The Scheme is still the little brother of Scotland’s two other formal debt remedies: 9,194 people signed Protected Trust Deeds last year; 11,056 people were declared bankrupt; and only 3,319 had Debt Payment Programmes approved.

However, as the graph below shows, if the first 8 years of the Debt Arrangement Scheme is compared with the first 8 years of Protected Trust Deeds, its growth pattern matches that of Protected Trust Deeds and in the last year has begun to grow even more steadily. In all likelihood in a few years time it will become Scotland’s main debtor remedy.

And it’s good for creditors also. The average dividend paid to a creditor in a Protected Trust Deed is less than 16p in the £ and less for bankruptcy: in a Debt Payment Programme, as the longest they normally last is 10 years, creditors get at least 30p in the £ back over the same period, but also with the hope of more in future years as it is not a form of personal insolvency.

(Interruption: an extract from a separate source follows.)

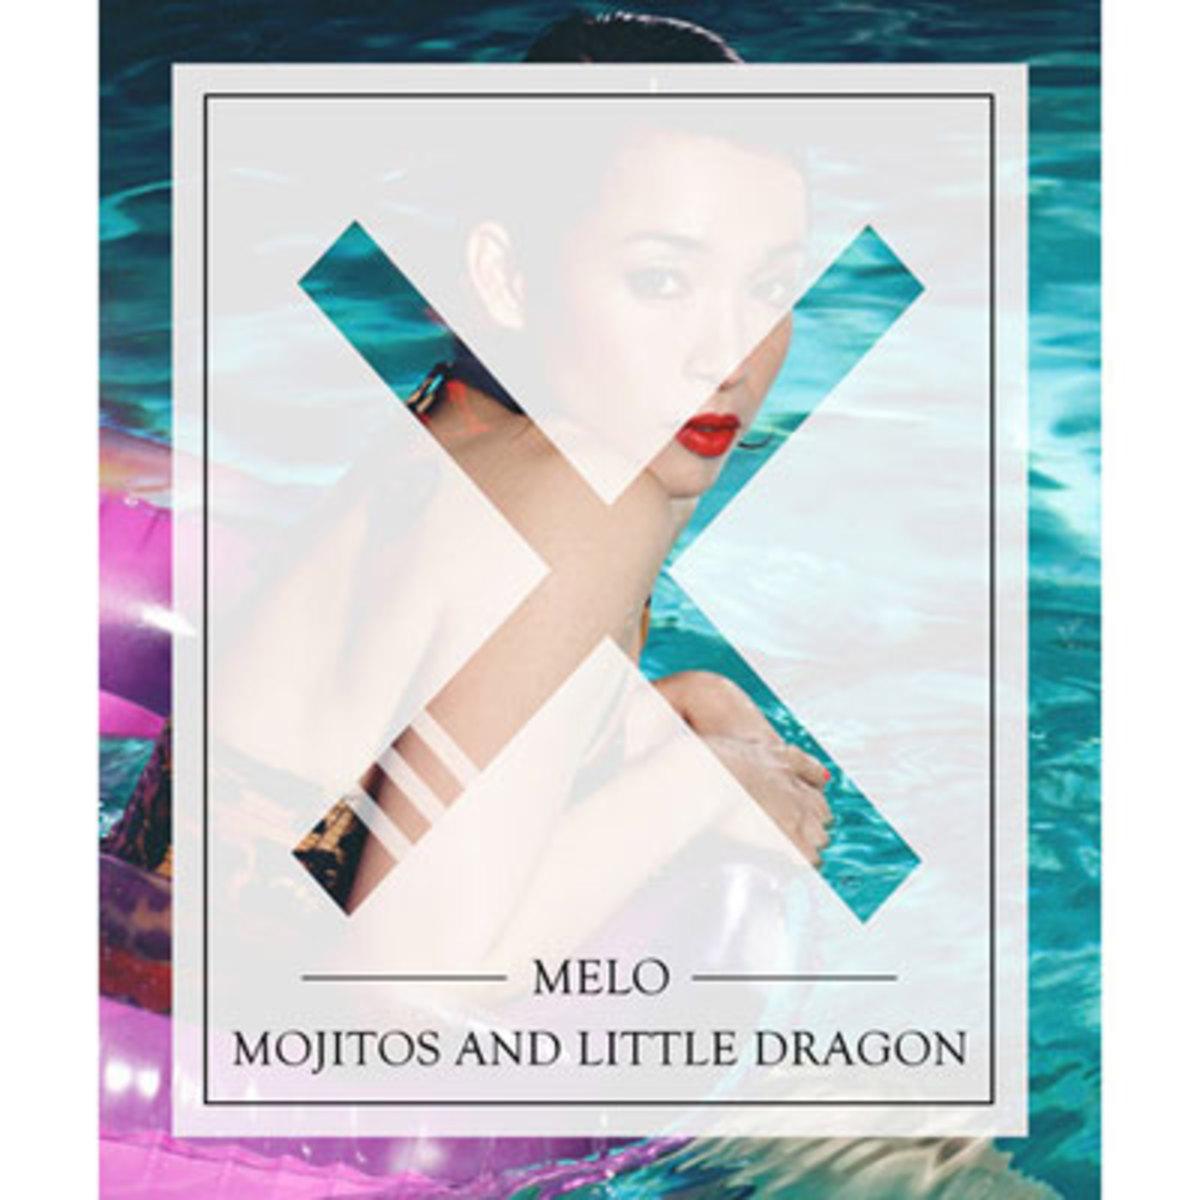 melox-mojitoslittle.jpg

The Scottish Government is also now looking to extend the Scheme so it can be used more easily by sole traders and partnerships to let them repay debts and avoid bankruptcy: creating a culture of recovery rather than one of liquidation.

And as for the replacement of poindings and warrant sales: in 2011/12 there were only 2,758 attachments, which is for property outside the home, such as cars and commercial property, and only 51 exceptional attachments carried out in the home (compared with the 18,980 poindings in 1998).

Now that’s not bad and as for the rest of the UK: they are still waiting for their reforms.